Thu, September 7, 8:00 to 9:15am, Palazzo Congressi, Floor: second floor, Congressi 11

Abstract

This article deals with social representations of criminal justice in France. The article underlines the profound discrepancy between the abstract representations of criminal justice, in relation to their conceptions of delinquency, sentences and their aims, and their judgements on concrete situations. There is also a relative depoliticisation of assessments of concrete cases. While a majority of respondents share the feeling of excessive judicial leniency concerning certain types of offences or offenders, their positions are much more nuanced when the context of the cases is detailed. Beyond the criminal offence, which is considered in the abstract, they look at the harm and the course of events, the criminal record, but also at the perpetrator's motivations, personality and history: this leads them to adjust their judgements on the severity of the sentence. This finding is observed in both the qualitative and quantitative surveys, and confirms results observed abroad (Frost 2010 ; Kuhn, Vuillé 2010 ; Leclerc 2012 ; Leclerc et al. 2017).

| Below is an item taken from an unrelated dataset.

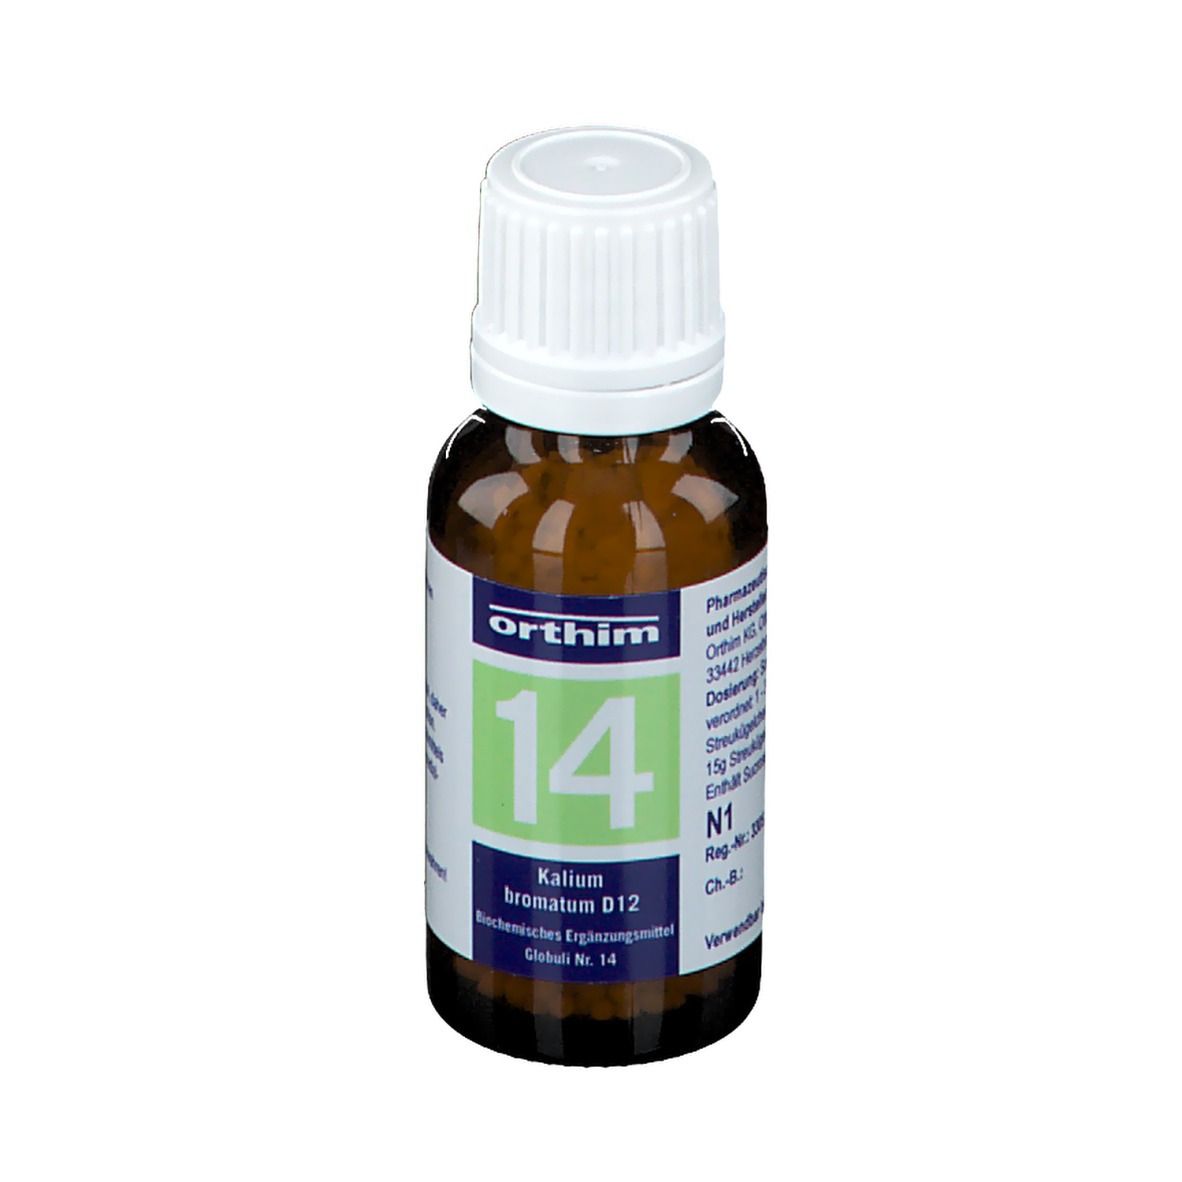 Biochemie orthim® Nr. 14 Kalium bromatum D12

This paper is based on a mixed research design conducted in France (Vigour et al. 2022): a focus group research involving 80 participants, and a quantitative survey with 2370 respondents (from a scientific panel created through a representative random sample). Three-hour interviews were conducted with 17 groups, constituted on the basis of social belonging (socio-professional category and level of educational attainment; workers, employees, or temporary workers, as opposed to working in intermediary or managerial roles and the professions), whether or not participants had court experience, and the type of court: civil or criminal. The qualitative and quantitative survey protocol was designed in parallel and symmetrically: first general questions; then the reaction to excerpts from a documentary film on criminal justice; and vignettes.